The old-school economics of the music and movie industry worked like this. An artist would be “discovered” by a label. That label would help develop the artist’s project then market it for them. In exchange, they would take a lion’s share of the economics. This worked well because the movie studio or the record label owned access to distribution. But, today, distribution is more complicated. This, in turn, creates an opportunity.
New DAOs like CreatorDAO (which just raised 20M) or The Great Wave are shaping up as artists’ collectives. In these groups, creators and artists provide mentorship and guidance to one another. They also can collaborate to boost distribution of new artists. In exchange, older creators get a share of the economics of new creators.
Again – education is there, but so is access to the brand-equity and social capital of the community. Why would you pay ~300,000 for a music degree when you could collaborate with artists that have already made it?
Gaming
Gaming is also far along in creating a full-on parallel career-training pipeline.
Despite widely-reported problems, Axie Infinity -- and play-to-earn games -- cultivated a new "scholarship" model.
Yield Guild Games created a "scholarship program" for players. They would invest in players, helping them to acquire decent characters or items to begin playing a game. They then would also help train these players. In exchange, players would share in their take from the play-to-earn games.
NounsDAO, meanwhile, made headlines earlier this year for buying a professional DOTA eSports team. It is easy to contemplate the expansion of gaming training programs modeled after the YGG model.

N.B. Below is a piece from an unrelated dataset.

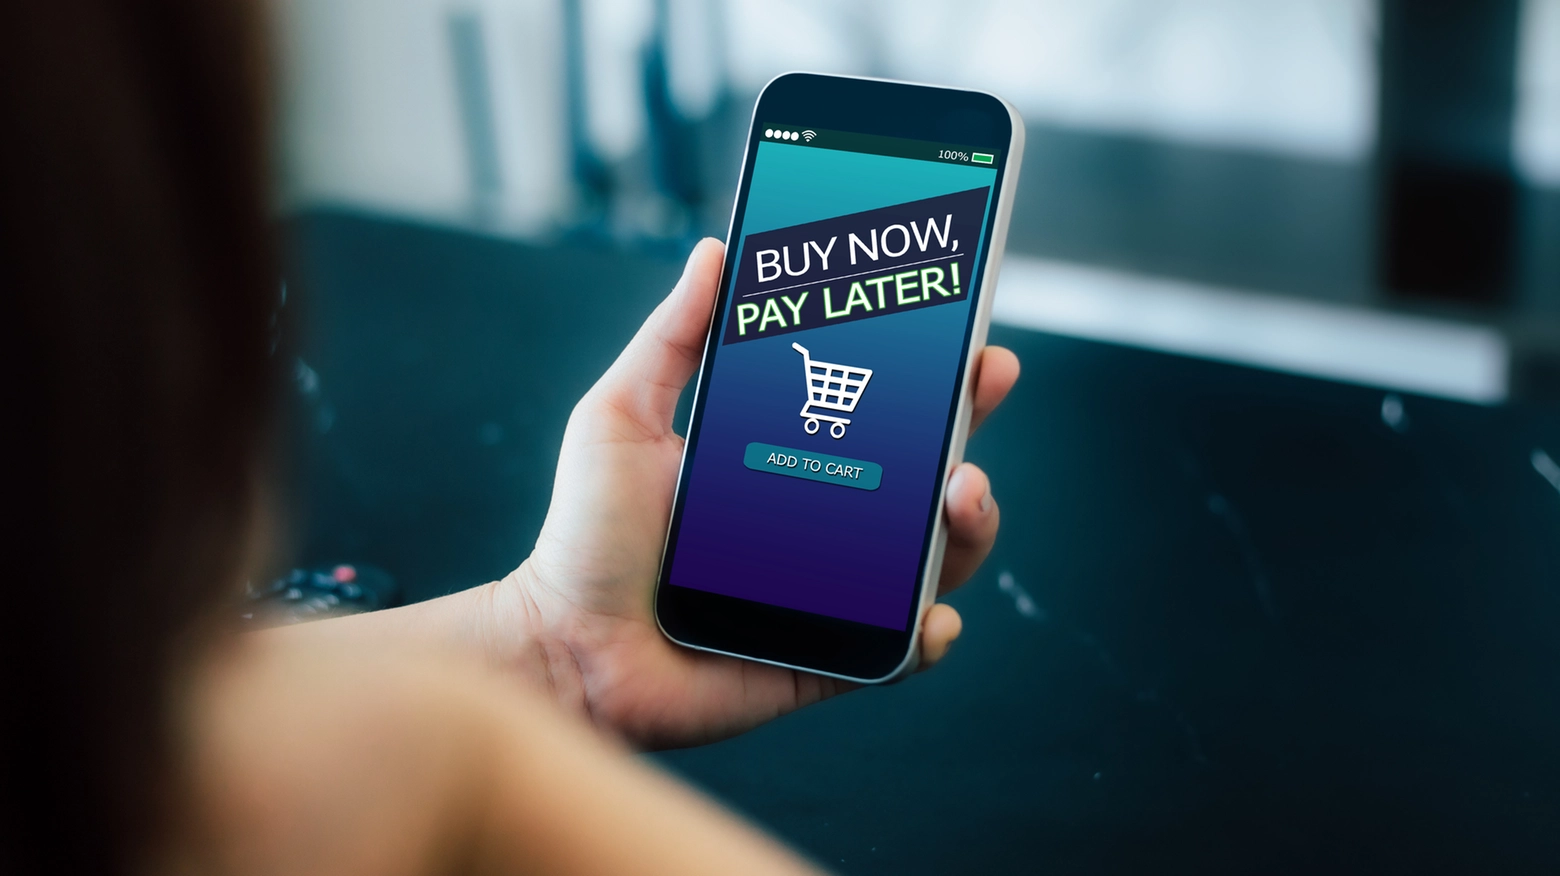 Buy now pay later - Crediti iStock Photo

And, if you are an aspiring professional gamer, will you play for a scholarship to a University? (Assuming that ever exists) Or would you rather get funded and trained by a professional team that offers you a revenue share model?
None of these programs is likely to take the place of Harvard for training future academics. But it is clearly the case that for the dream jobs of tomorrow – higher education is going to look very different. We often get in the habit of thinking that the way things are is the way that they have always been.

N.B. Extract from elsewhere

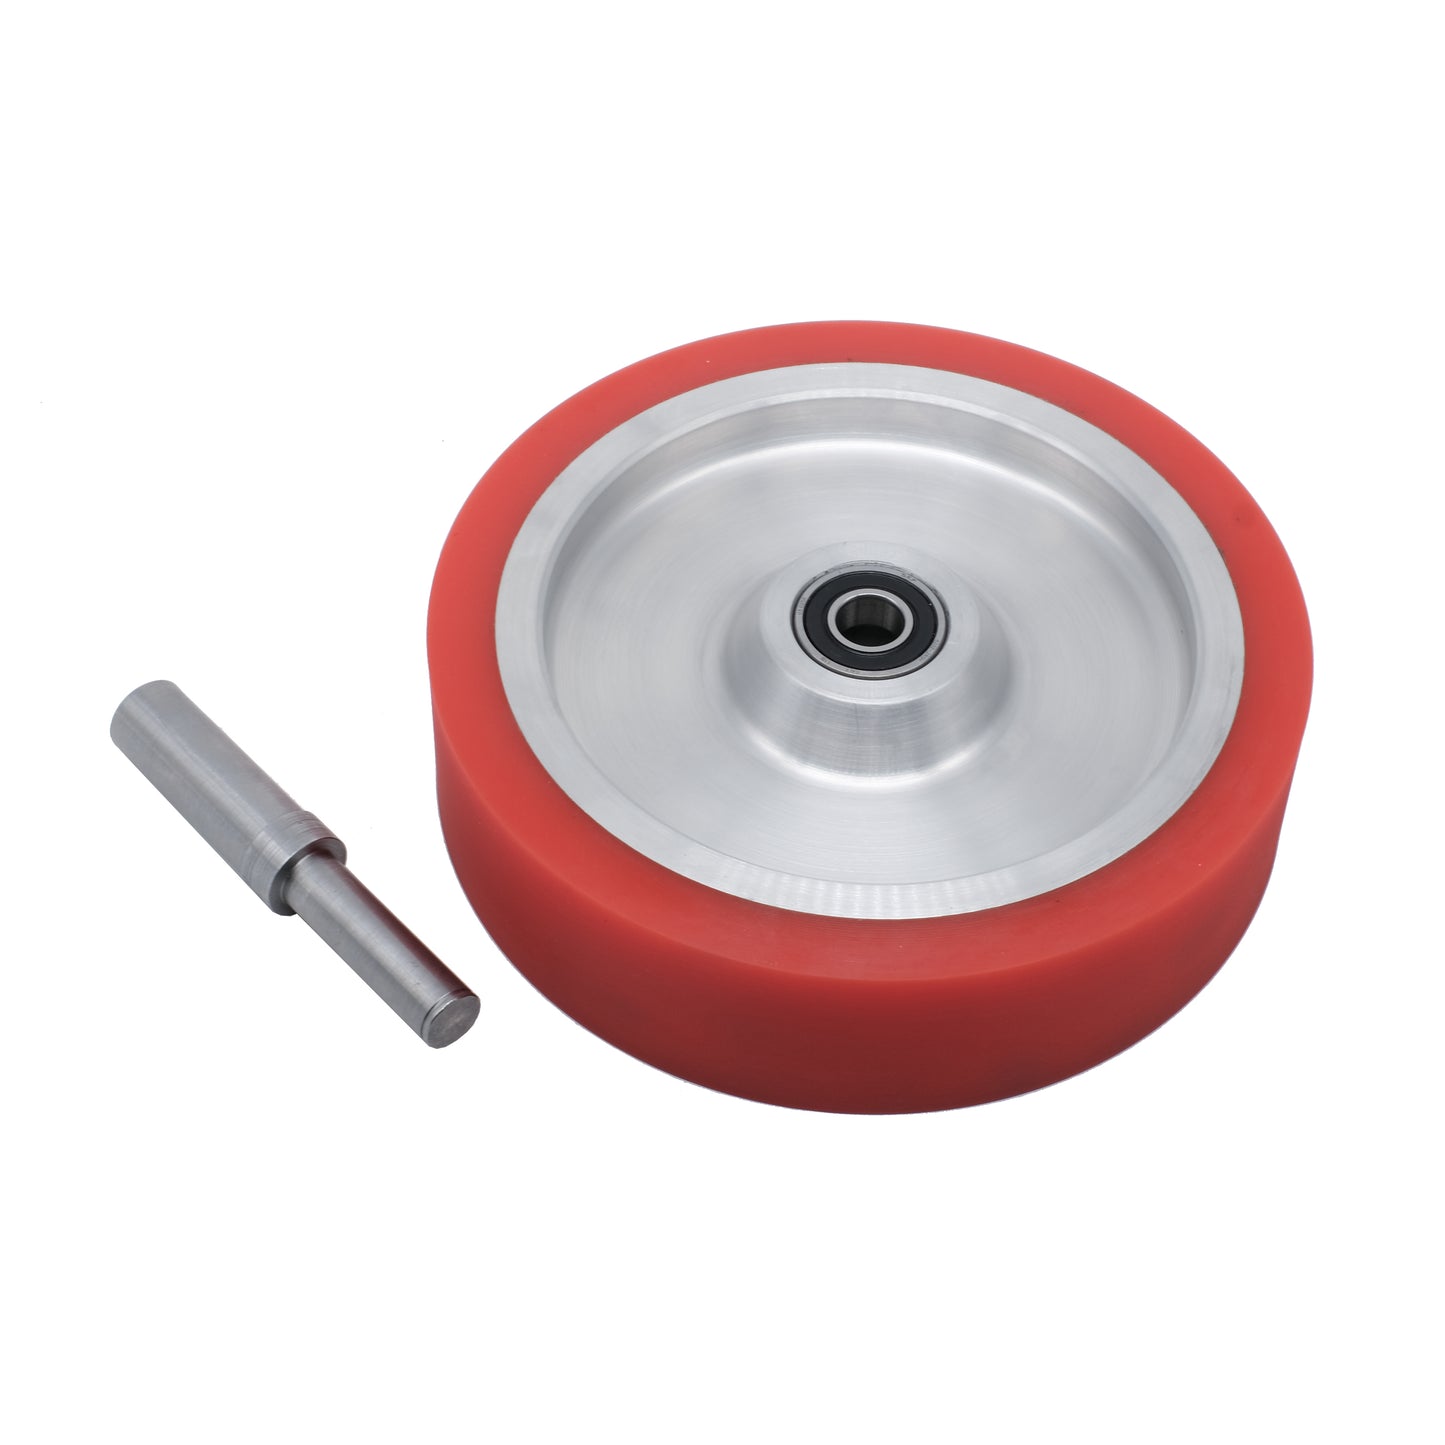 TR MAKER 7” 50x180mm Contact Wheel, 2x72 knife grinder Red color

But the modern University system is a fairly recent phenomenon. And it may be far less durable than we think. The future could look like a better subsidized College, but it could also look far weirder. The key to ensuring that a new system is a fairer system is to focus on experimenting with the economics of this status game from day 1. Otherwise, our kids will be debating the merits of education reform for eSports athletes and Metaverse celebrities.
That will make us long for the good old days when it cost $300,000 to master the nuances of Lesbian Dance Theory.